I would highly recommend growing your Chinese Elm outdoors the majority of the year. Since I moved my bonsai outdoors, not once the leaves turned yellow. The majority of problems that could cause your Chinese Elm leaves to turn yellow can be cured by letting your tree live outside. If in doubt about where you should be growing your bonsai tree, have a quick read of my article detailing the perfect placement for a bonsai tree.
Lack Of Light
The Chinese Elm is a very resilient bonsai tree, which is why it is so popular with beginners. One of the hardest things to maintain to keep the bonsai tree healthy is the light.

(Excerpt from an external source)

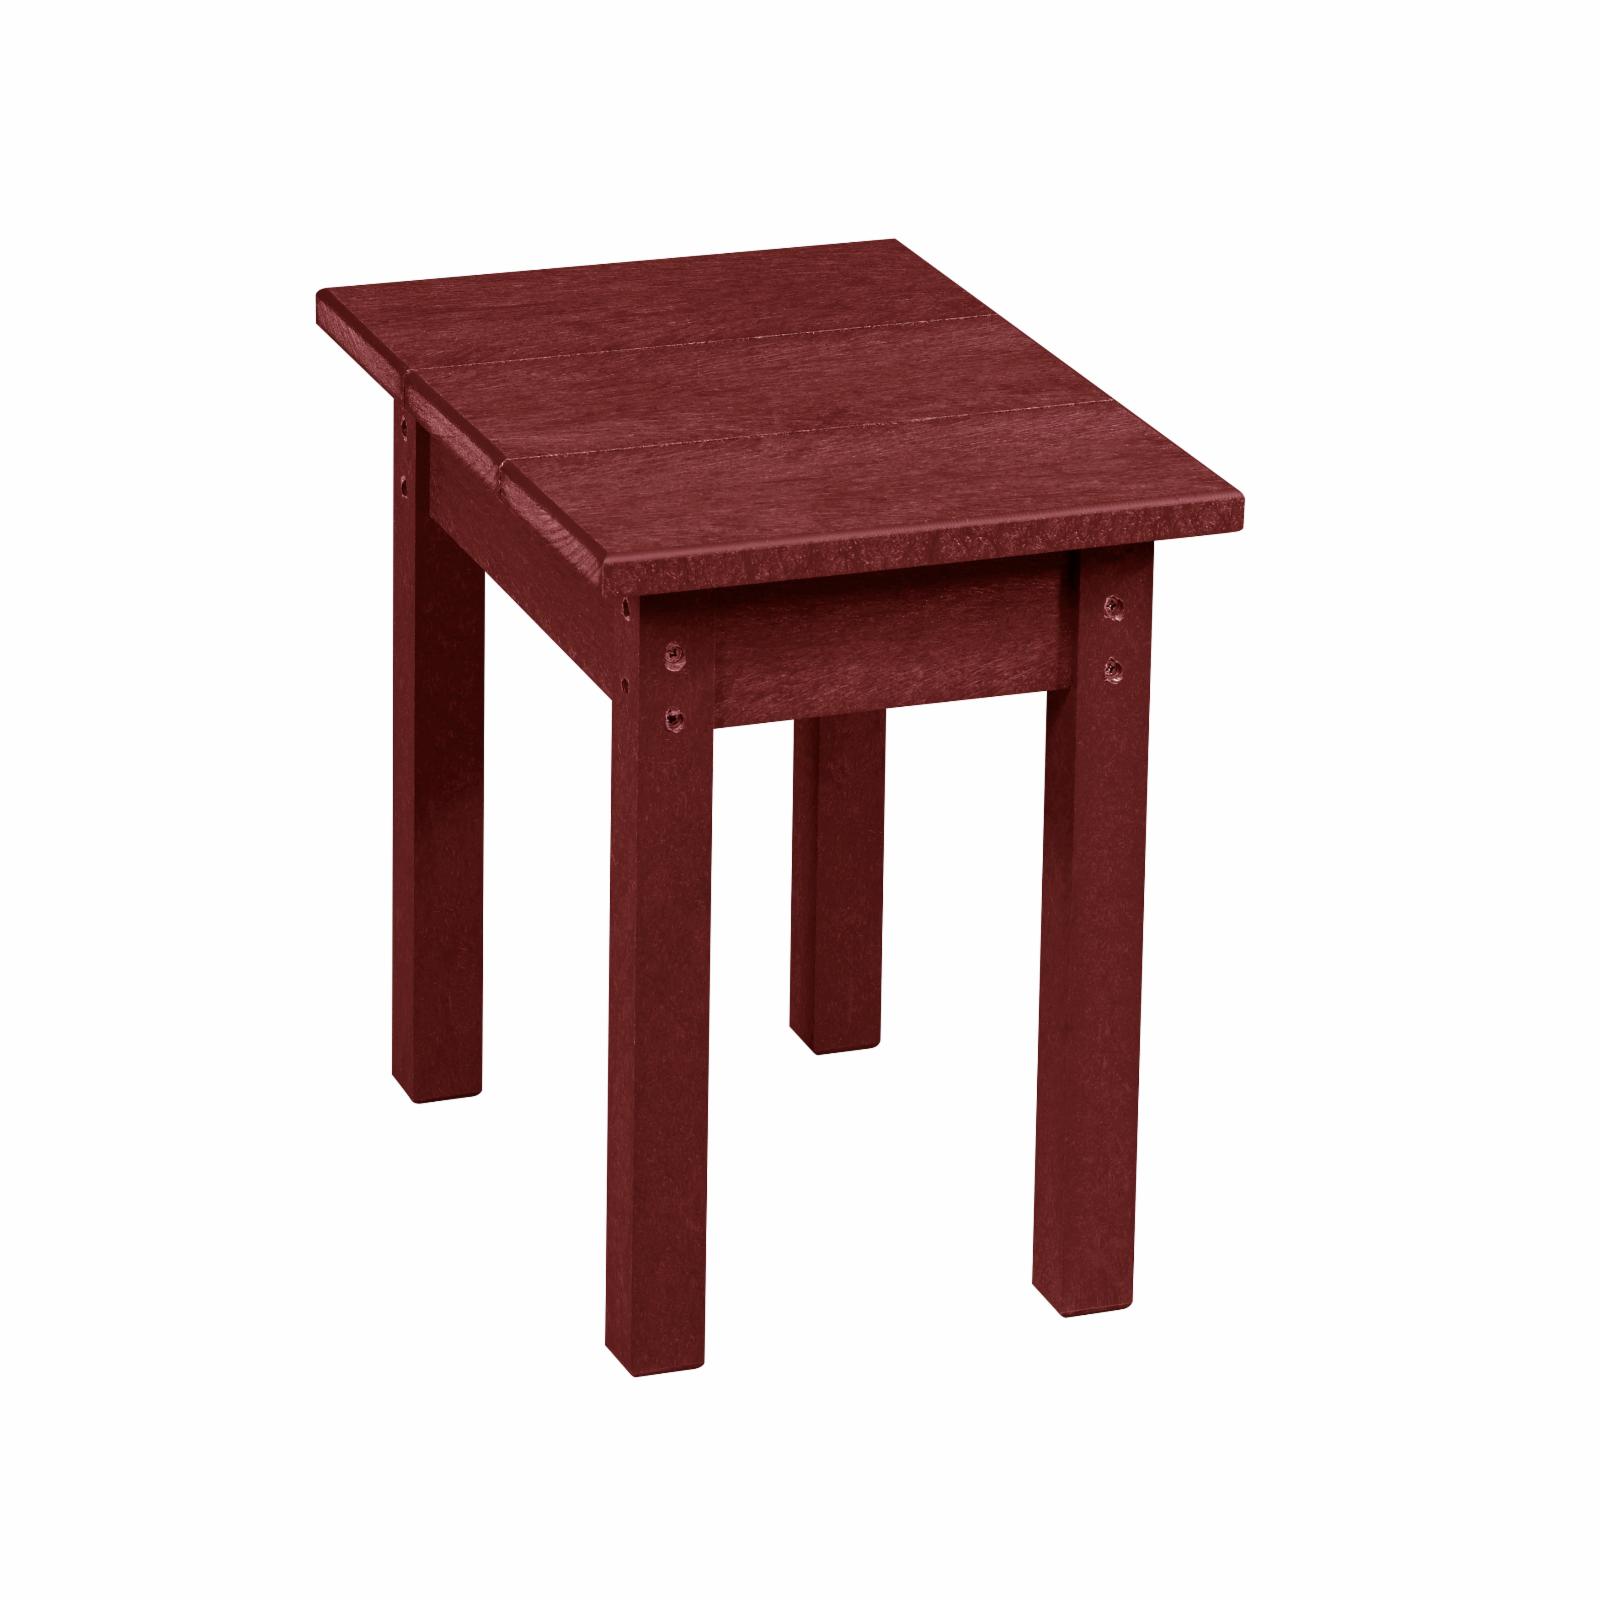 HN Outdoor Logan Recycled Plastic Small Outdoor Side Table - image 2 of 10

As Chinese Elm bonsais are subtropical plants, so by nature they’re accustomed to a high level of light. The light required to keep the tree healthy usually can’t be obtained by just placing the tree next to a window or something similar.
Maintaining the light in hot months:
If the temperature is above 15 degrees Celsius your Chinese Elm should be living outdoors, in natural light. Too much direct sunlight isn’t the best for your tree but if you’re monitoring the soil moisture and misting the foliage daily, it’s not a problem. You really shouldn’t have any problems with light levels in the hot months having your bonsai outside – if your Chinese Elm leaves are turning yellow in summer, it’s most likely not due to the lack of light.
Maintaining the light in cold months:
In colder months, it’s obviously a good idea to bring your Chinese Elm inside, as they aren’t used to such cold temperatures and they need time to rest. When you bring a tree indoors, it’s highly recommended to place a fluorescent grow light around 5-10 inches about the Chinese Elm. This additional light will keep the bonsai healthy and will help the bonsai come back to it’s healthy state after the dormant period.
It’s really important to know that the leaves of your bonsai tree turning yellow isn’t always a problem with the health of the tree. In subtropical bonsai trees like the Chinese Elm, it’s very normal to expect the seasonal drop off of leaves. I would recommend doing some research if the tree doesn’t start re-growing after roughly 6 weeks as this could indicate that the bonsai tree has a health issue.
In conclusion then, there are a variety of reasons surrounding why the leaves on your Chinese Elm might be turning yellow. Whilst you’re unable to control the time of year, make sure you’re keeping on top of factors like pruning and watering to ensure your bonsai is in the best health it can possibly be! Whilst some yellowing can’t be helped, most of the time it is completely preventable.